Question

Find the Quadratic function y=a(x-h)^2 who's graph passes through the given points (4,-2) and (2,0)

Answer 1

Given:

The graph passes through the given points (4,-2) and (2,0).

To find:

The quadratic function
`y=a(x-h)^2`.

Solution:

We have, quadratic function

`y=a(x-h)^2` ...(i)

The graph passes through the given points (4,-2) and (2,0). It means the equation must be true for these points.
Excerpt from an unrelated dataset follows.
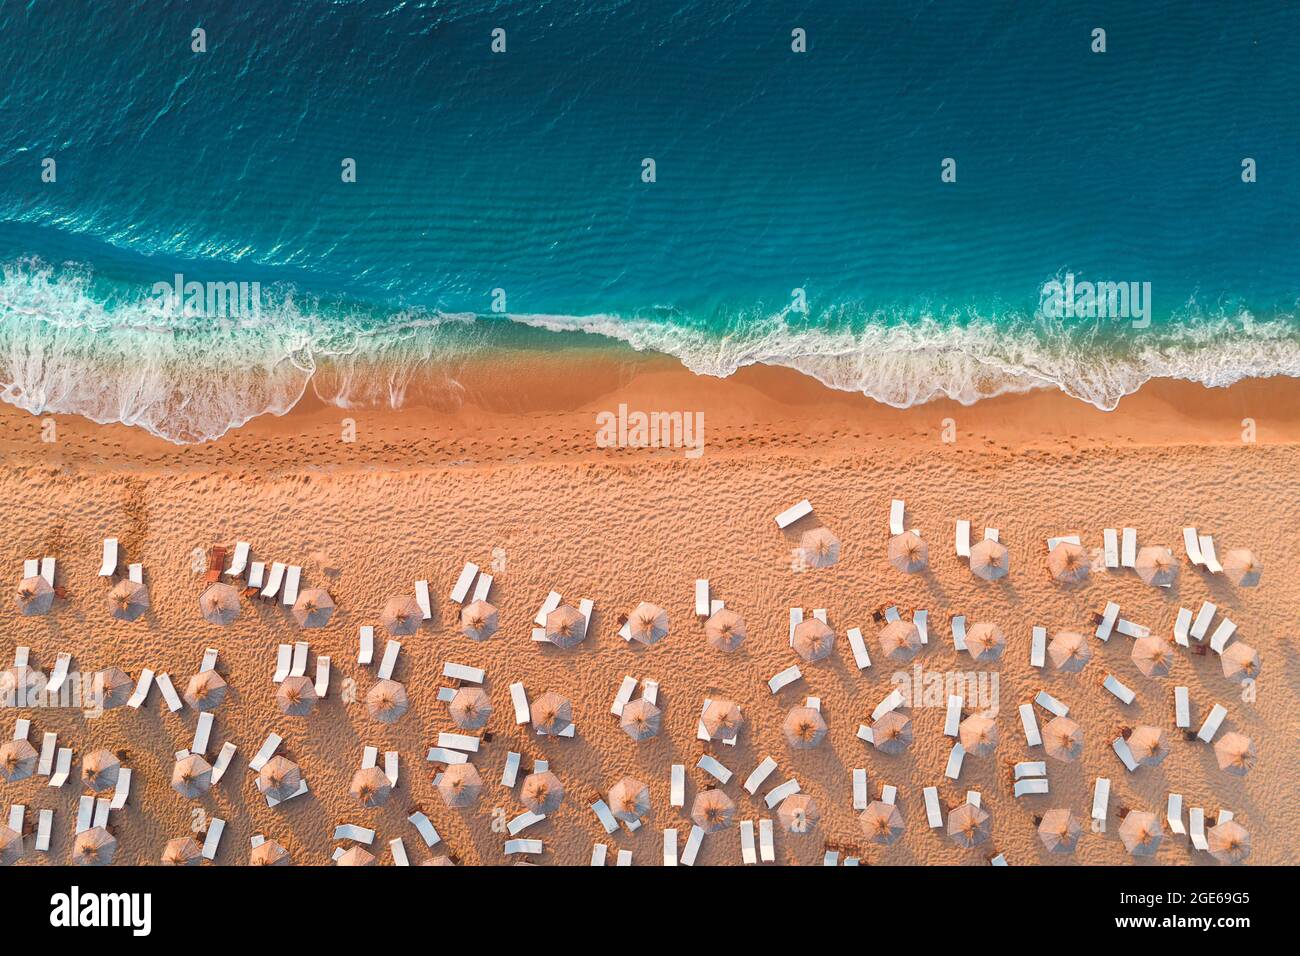 Vue de dessus de l'antenne de drone de plage de sable fin avec une mer turquoise des vagues avec copie espace pour le texte. Banque D'Images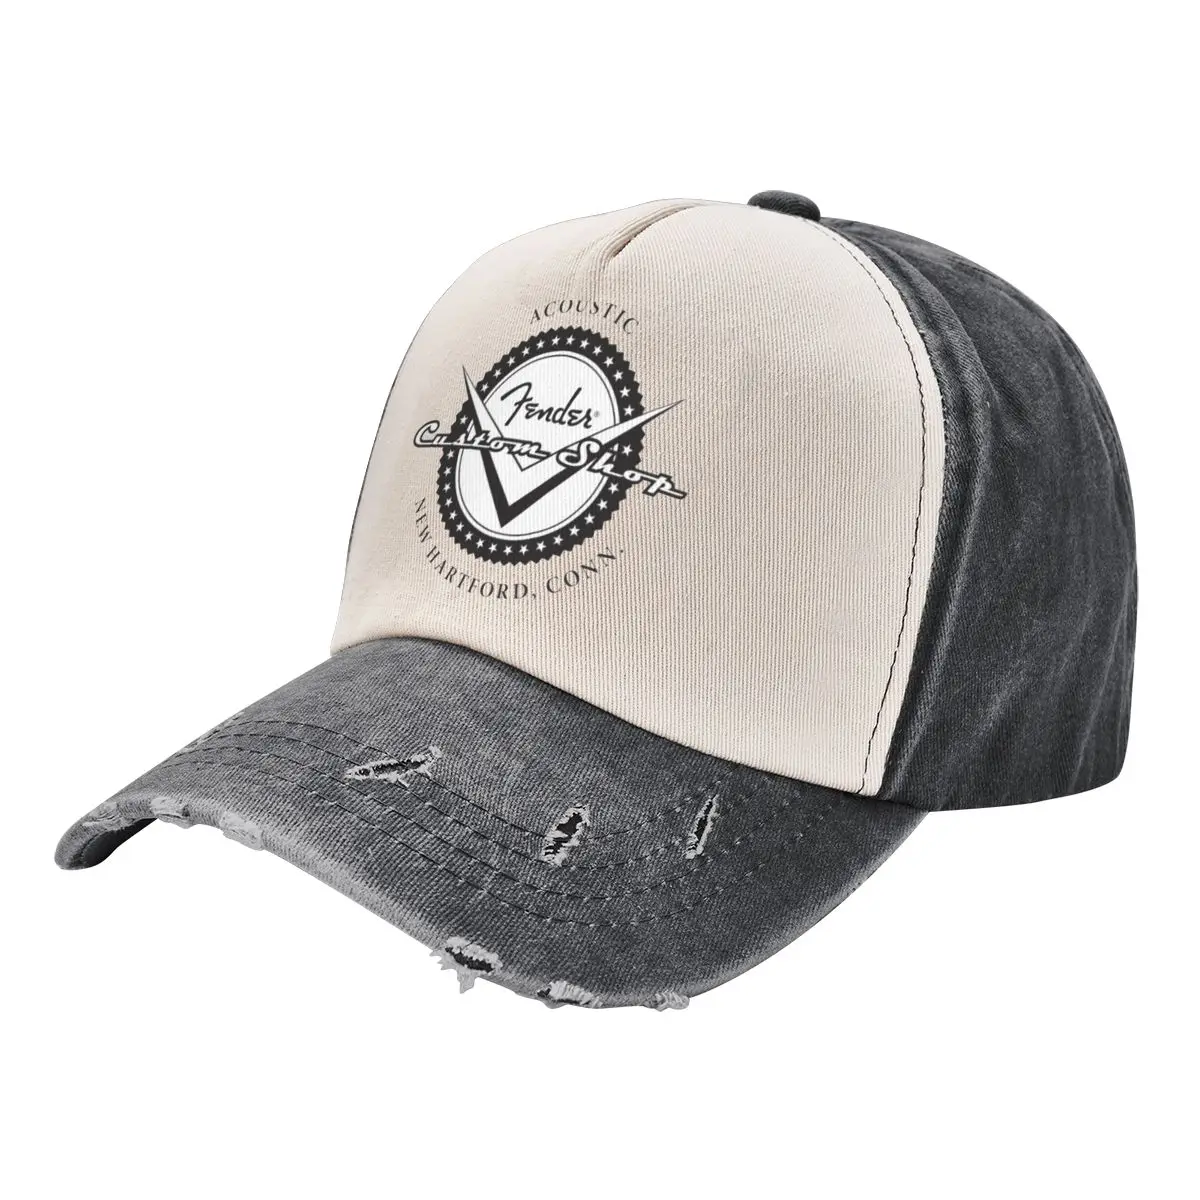 

Fender Casquette Washed Baseball Cap for Men Women Adjustable Distressed Denim Hat Dad Hat Trucker Hat

Putting x=4 and y=-2 in (i), we get

`-2=a(4-h)^2` ...(ii)

Putting x=2 and y=0 in (i), we get

`0=a(2-h)^2` ...(iii)

Divide (iii) by (ii).

`(0)/(-2)=(a(2-h)^2)/(a(4-h)^2)`

`0=((2-h)^2)/((4-h)^2)`

`0=(2-h)^2`

`0=2-h`

`h=2`

Putting h=2 in (ii), we get

`-2=a(4-2)^2`

`-2=a(2)^2`

`-2=a(4)`

Divide both sides by 4.

`(-2)/(4)=a`

`(-1)/(2)=a`

Putting
`a=-(1)/(2)` and h=2 in (i), we get

`y=-(1)/(2)(x-2)^2`

Therefore, the required quadratic function is
`y=-(1)/(2)(x-2)^2`.